Философское «Я» в интимном акте высказывания, в плотности исповедального слова выдает себя «с головой» и никогда не прощает ни себе, ни слушателю, ни зрителю этого саморазоблачения. Поэтому, быть может, всякий философ еще и мизософ.

Исповедальное слово слетает с его губ, или выжимается из физиологической глубины гортани того исповедующегося, что, пребывая в потоке слов, проживая жизнь в тексте, не имеет к данному потоку подлинного отношения и никогда не есть в тексте — с отсутствующих губ и отсутствующей гортани трансцендентального субъекта, что мимикрирует, превращая себя в живую фигуру живой речи живого мира. Мир все более и более противится быть «объектом», тем самым отказывая человеку быть «субъектом». Субъект исповеди — человек без свойств (сравни Р. Музиль «Человек без свойств»), который, взывая к равнодушию мира, отдален от последнего стеклянной перегородкой истины, о которую разбивается его Слово. Но при известных навыках сквозь нее возможно разглядеть философа в моменты его «интеллектуального туалета». Текст исповеди, которой может быть любой текст, содержит в себе правду и неправду: если подойти к тексту классически то можно узнать правду, но тогда будет уничтожено главное: субстанциональный смысл исповеди заменится логикой, не оставив места догадке, воображению, вымыслу, вере и артефакту. Отсюда наше восприятие исповеди часто представляется как укороченная перспектива: многоцветие и разнообразие жизни подавляется одномерностью исповедующегося — все случившееся с ним нанизывается на одну нить — нить знающего Истину.

Слушатель, читатель или зритель, застигнувшие Мудреца в такой момент интимности, понимают, что трансцендентальному субъекту есть дело до всего в мире, но миру — нет никого дела до трансцендентального субъекта, желающему «быть» и «не быть». Подлинная задача такого субъекта заключается в том, чтобы если не доказать, то хотя бы выкрикнуть, что у него есть Лицо и оно — живое. Исповедальное слово ждет ответа.

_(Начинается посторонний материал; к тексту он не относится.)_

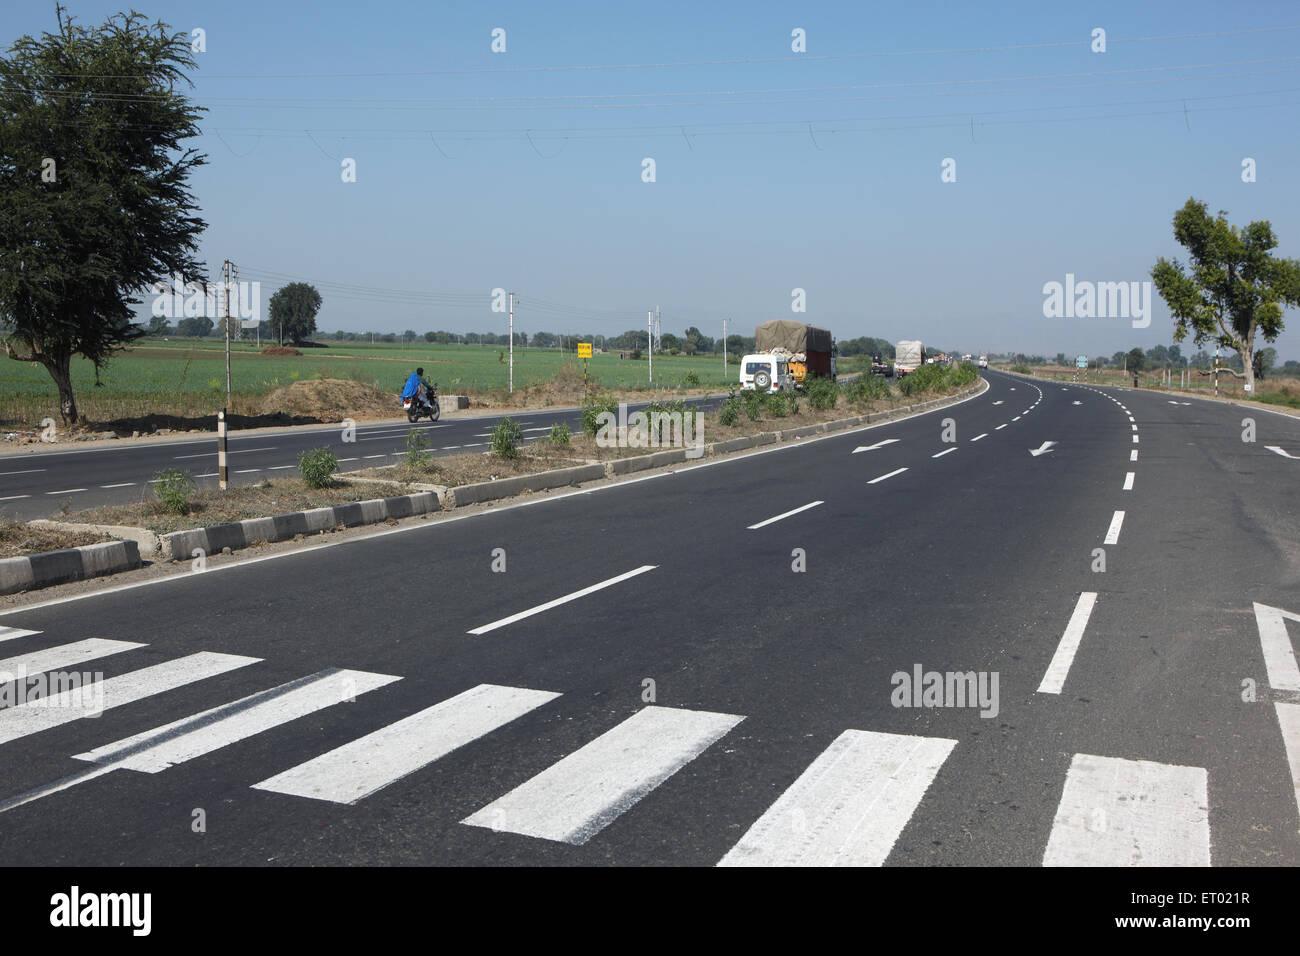 Fußgänger-Kreuzungen auf National Highway Nr. 3 Madhya Pradesh, Indien Stockbild
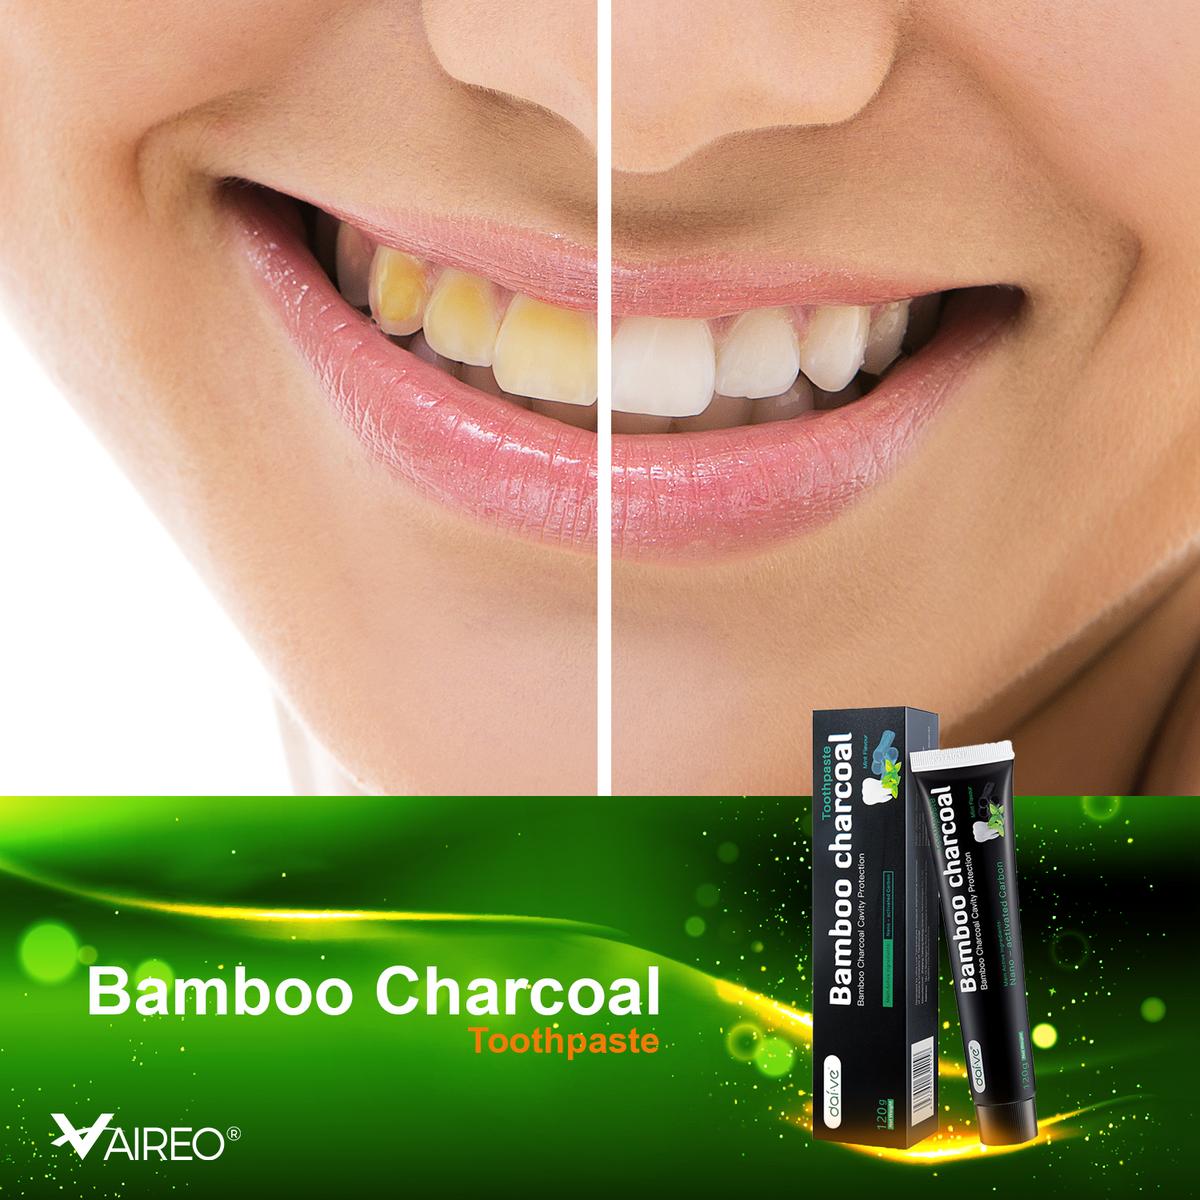 Bamboo Charcoal Toothpaste - 100% Natural Organic Tooth Paste non-Floride Non-GMO

Только это ожидание дарует ему звучание, сподвигает его на то, чтобы совершать жесты доверия, отвращения, любви, страдания, равнодушия и т.п.

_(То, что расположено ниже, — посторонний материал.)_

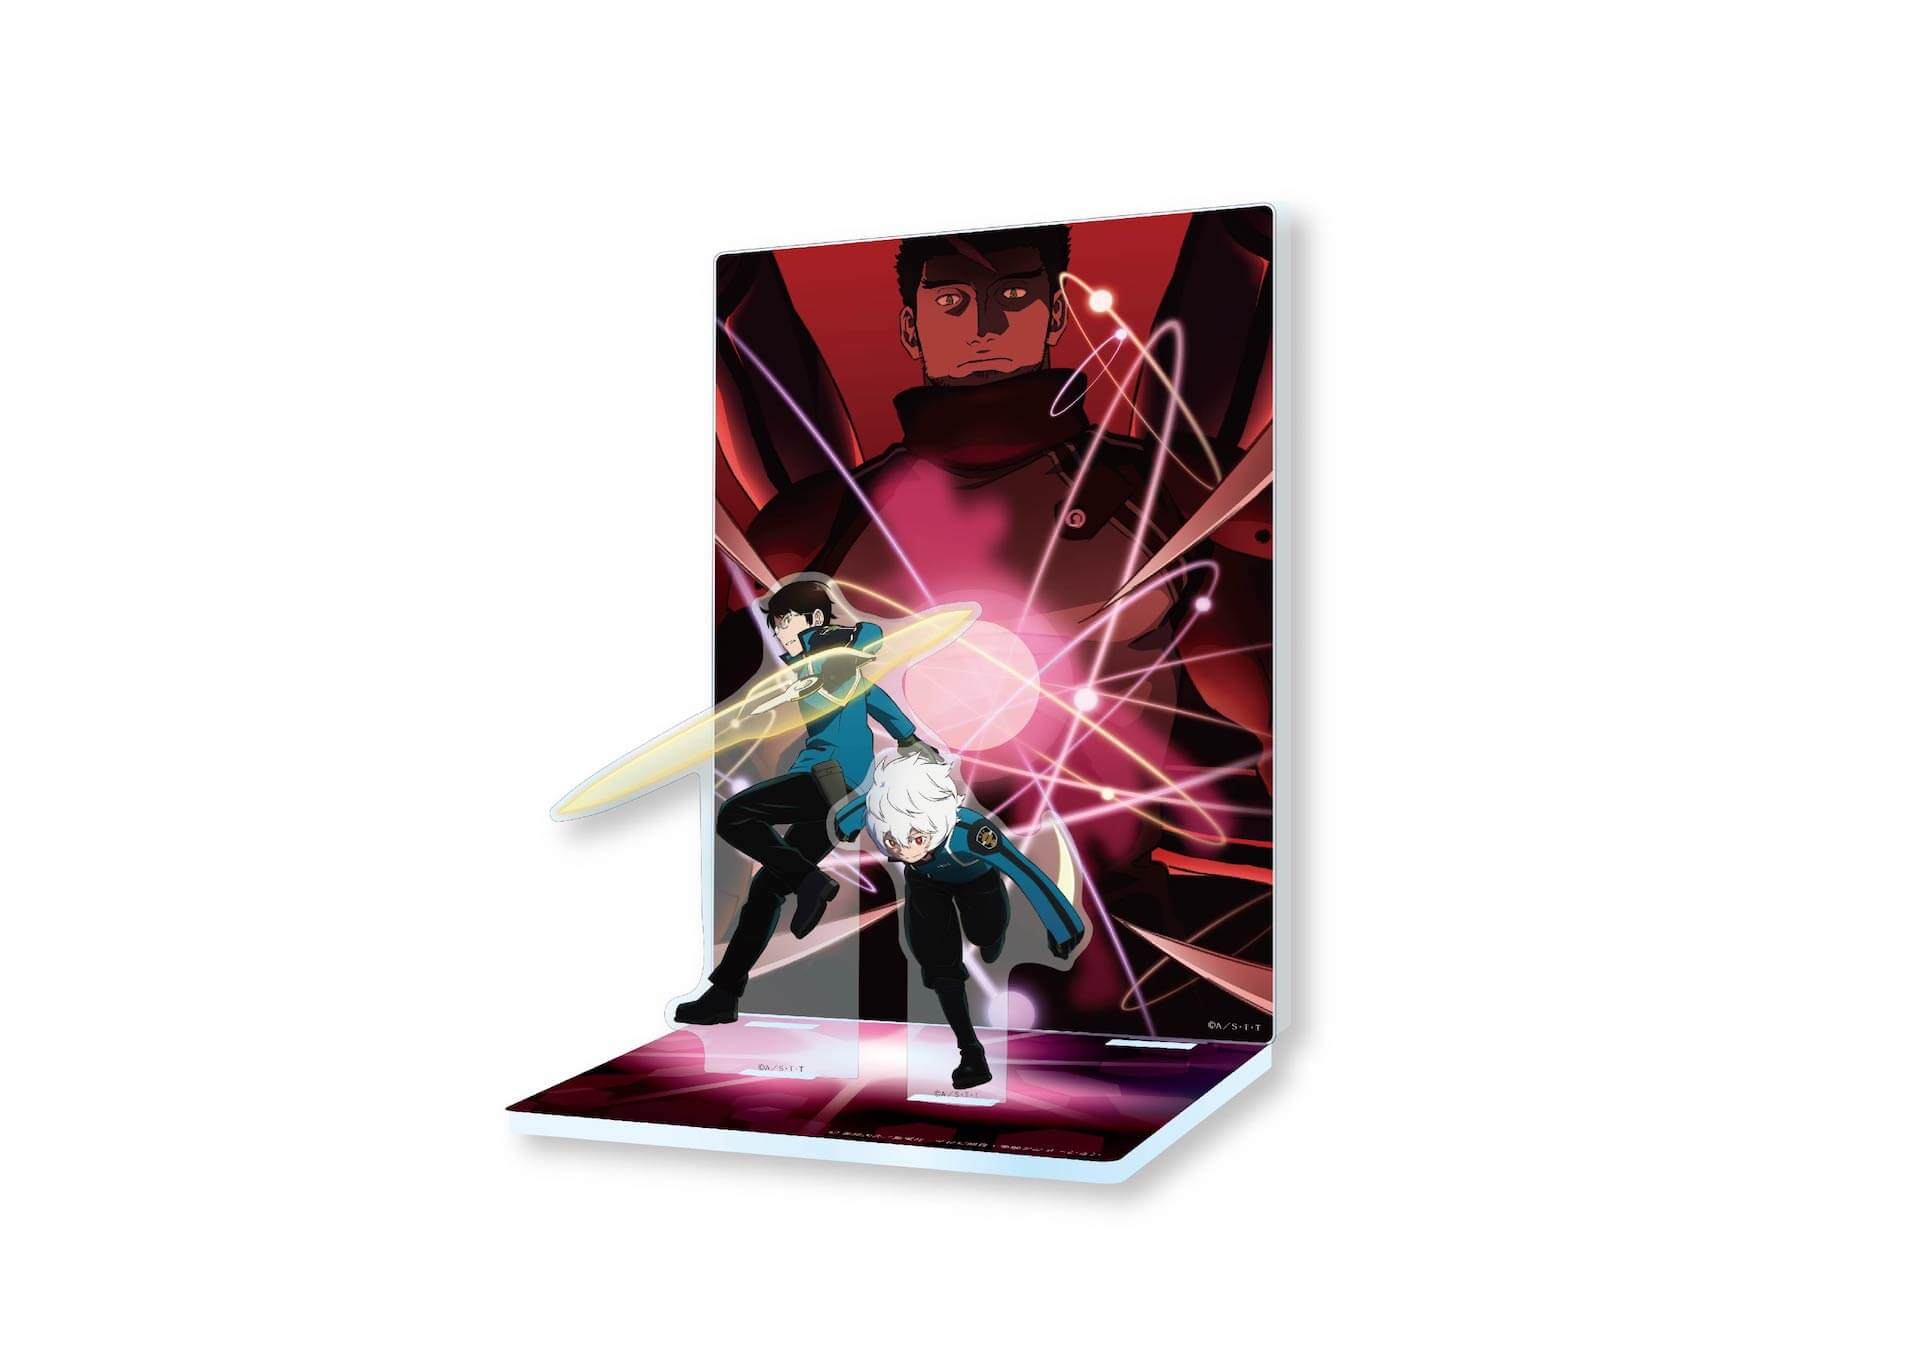 『特別上映版 ワールドトリガー 2ndシーズン』週替わりの入場者プレゼントが特製ポストカードに決定!公式パンフレット、オリジナルグッズも発売 film201210_worldtrigger_3

Равнодушное тело действительности должно, по убеждению исповедующегося, «шевельнутся» в ответ, дать «знак», что исповедь услышана, прореагировать. Негативная или позитивная данная реакция — неважно: главное заключено в том, чтобы не содрогнуться от пустоты. «Нам хочется, чтобы нас любили, или хотя бы почитали, хотя бы поносили и презирали» (Я. Сердерберг. «Доктор Глас»). Однако к ужасу Мудреца слово его исповеди оставляет метку на «стекле истины», сквозь которую он взирает на мир, но не на теле действительности: проблемы философии-проблемы вечные. История европейской философии оставила столь много «знаков» на стекле, что сквозь эти метки уже и не различить мира. Речи трансцендентального субъекта повседневных забот и проблем суть речи «за семью замками». Сегодня мы как бы переживаем «генеральную инвентаризацию» философского «имущества», так как классика в ХХ в. дошла до последнего рубежа слов и распоясалась в том бормотании, которое очаровывает и называется «неклассикой». Метафизика ХХ в., рядясь в «постклассическую шаль», выдавая свой новый облик за свою принципиально новую суть, формирует свое проблемное и тематическое пространство, разрабатывает свой язык и свои стили в соответствии со своим же желанием (а быть может и нашим) очередного совращения

Даже в исповеди философ помнит, что он приобщен к мысли и к истине, что он мудр. Знание и беспокойство о знании своего знания свидетельствуют о том, что Мудрец не способен выдержать себя в стерильном пространстве своего царства: пространства, и время исповедального слова всегда аффективно. Исповедальное слово — вожделение о действительном. Субъект желает быть телом, а потому исповедующийся мудрец совершает глупости. Его не способно удовлетворить ничто из того, что в нем, и ничто из того, что вне его.